= Samantha Batt-Rawden =

British doctor

Dr Samantha Batt-Rawden is a British intensive care and pre-hospital doctor.

== Medical career ==
Batt-Rawden trained at the University of Bristol. She chose to specialise in emergency medicine in 2014, but left the speciality citing burnout and staff shortages, in a BBC Radio 4 documentary she presented. She currently works as a consultant in intensive care medicine and pre-hospital emergency medicine.

== Advocacy career ==
Batt-Rawden founded The Doctors' Association UK in 2018, following the premature birth of her son at 27 weeks, who required a 3 month stay in ICU. She says this experience has made her determined to fight for the NHS. She stepped down from the role in 2021.

She was widely quoted by media during the Bawa-Garba case and has given evidence to Parliament on creating a just culture in healthcare.

Batt-Rawden was a doctor on Good Morning Britain from 2018-2021 and prior to this was featured on This Morning.

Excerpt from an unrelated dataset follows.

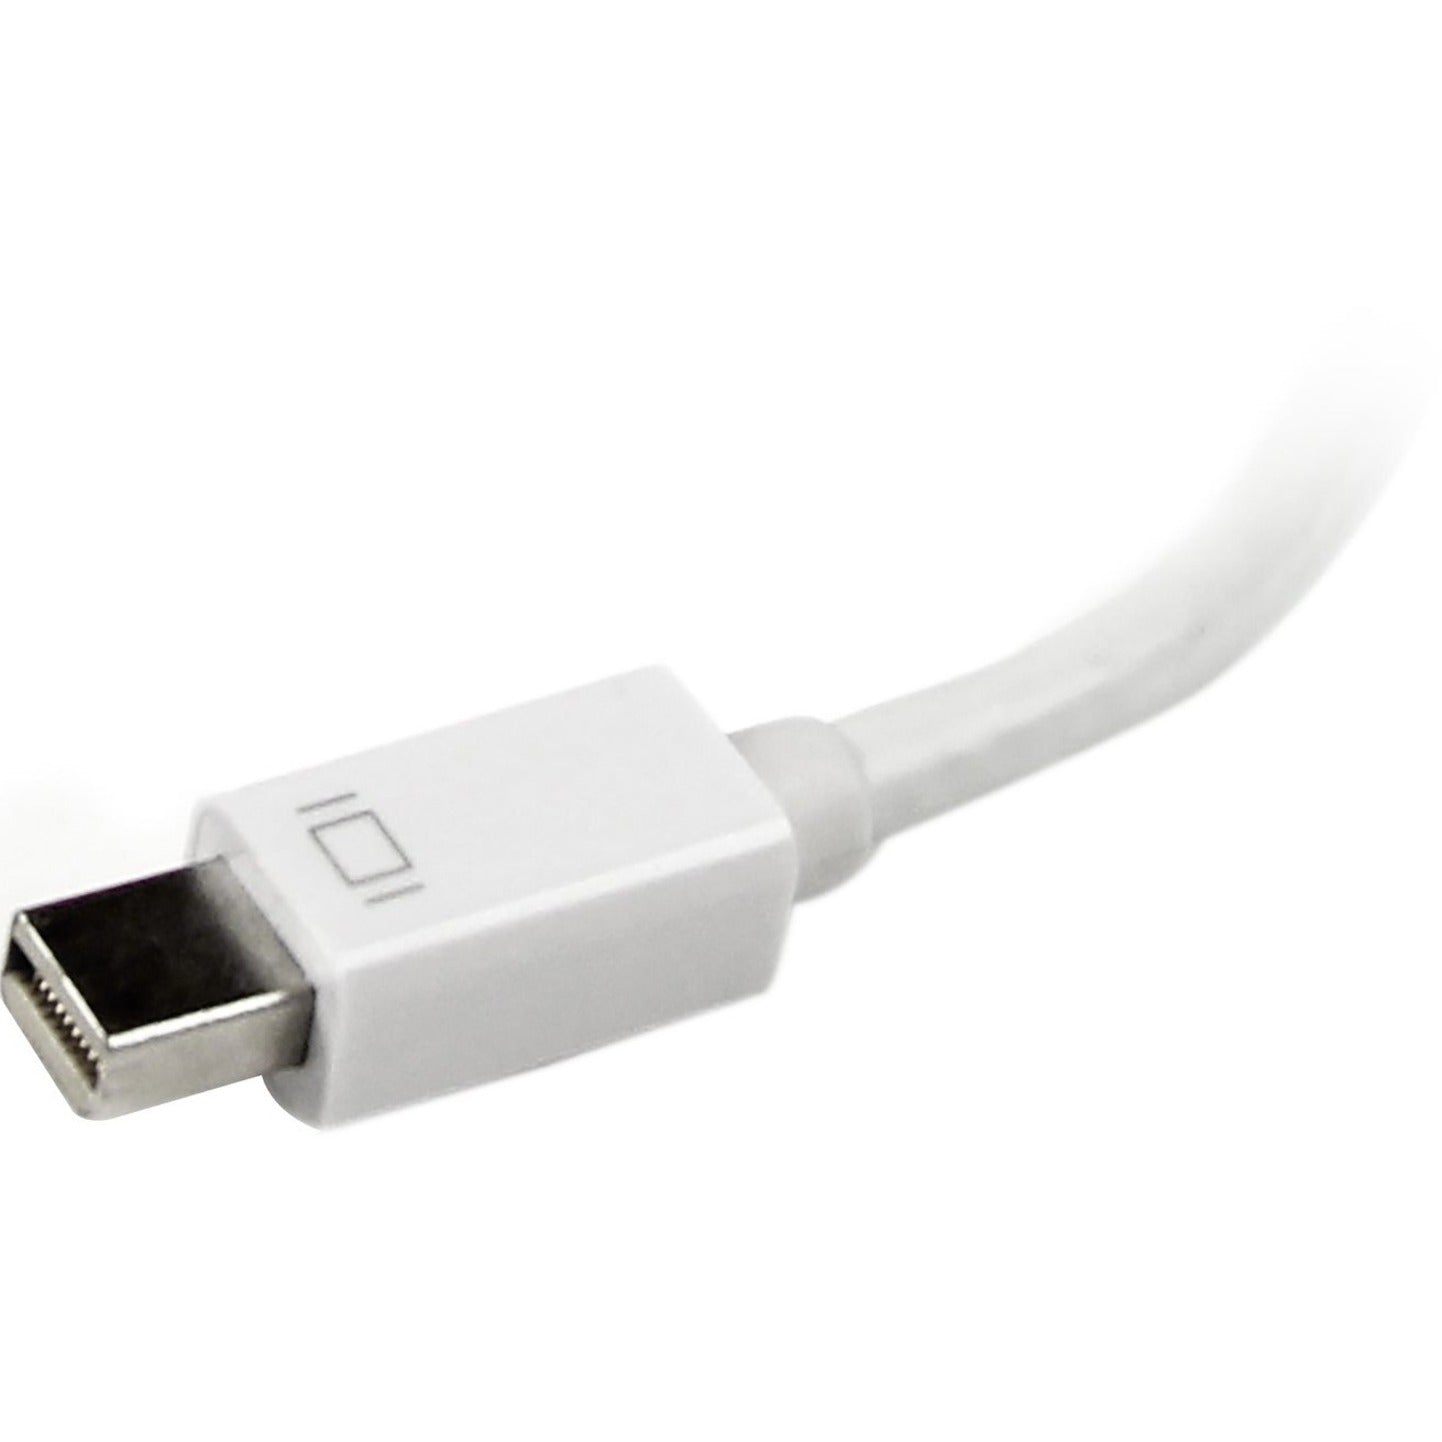 StarTech.com MDP2VGDVHDW Travel A/V Adapter: 3-in-1 Mini DisplayPort to VGA DVI or HDMI Converter, White

== Role in the COVID-19 pandemic ==
In February 2020, Batt-Rawden was quoted in The Evening Standard as saying that the NHS was not well-prepared for the pandemic. She later raised concerns about inadequate PPE, a lack of scrubs and poor access to fit testing. Batt-Rawden said that staff were being prevented from speaking up about conditions on the frontline, especially in regards to PPE shortages. Batt-Rawden also campaigned to secure a Death in Service benefit for NHS staff and for the Health Service Surcharge to be scrapped. Her letter to the Home Secretary was read in Parliament by Sir Keir Starmer at Prime Minister's Questions.

She has continued to advocate for NHS staff and their wellbeing during the pandemic, stressing that NHS staff will leave at the end of the pandemic if they are not well looked after now.

In between the first and second coronavirus wave, Batt-Rawden raised concerns in Parliament that lessons not been sufficiently learnt to prevent a resurgence of cases and admissions, in the event of a second wave. She gave evidence to the All-Party Parliamentary Group on Coronavirus in September 2020. Batt-Rawden worked with several Royal Colleges campaigning for NHS staff to be prioritised for the vaccine, raising concern about rising staff sickness rates.

Recently, Batt-Rawden has been tackling abuse of NHS staff both on social media and in person. This prompted her to start the #NHSblueheart campaign.

Since stepping down from the Doctors' Association UK, Batt-Rawden has continued her peer support work, supporting healthcare workers suffering from trauma during the pandemic and has launched a number of wellbeing initiatives. For this work she was one of three finalists for the Doctor of the Year at the Who Cares Wins awards in 2021.

== Research ==
Batt-Rawden's research is in the empathy in medical professionals, PTSD and moral injury on which she has published a number of papers, and has given a TEDx talk. In her TEDx talk, she also discussed the experience that she had with her son whilst he was in intensive care.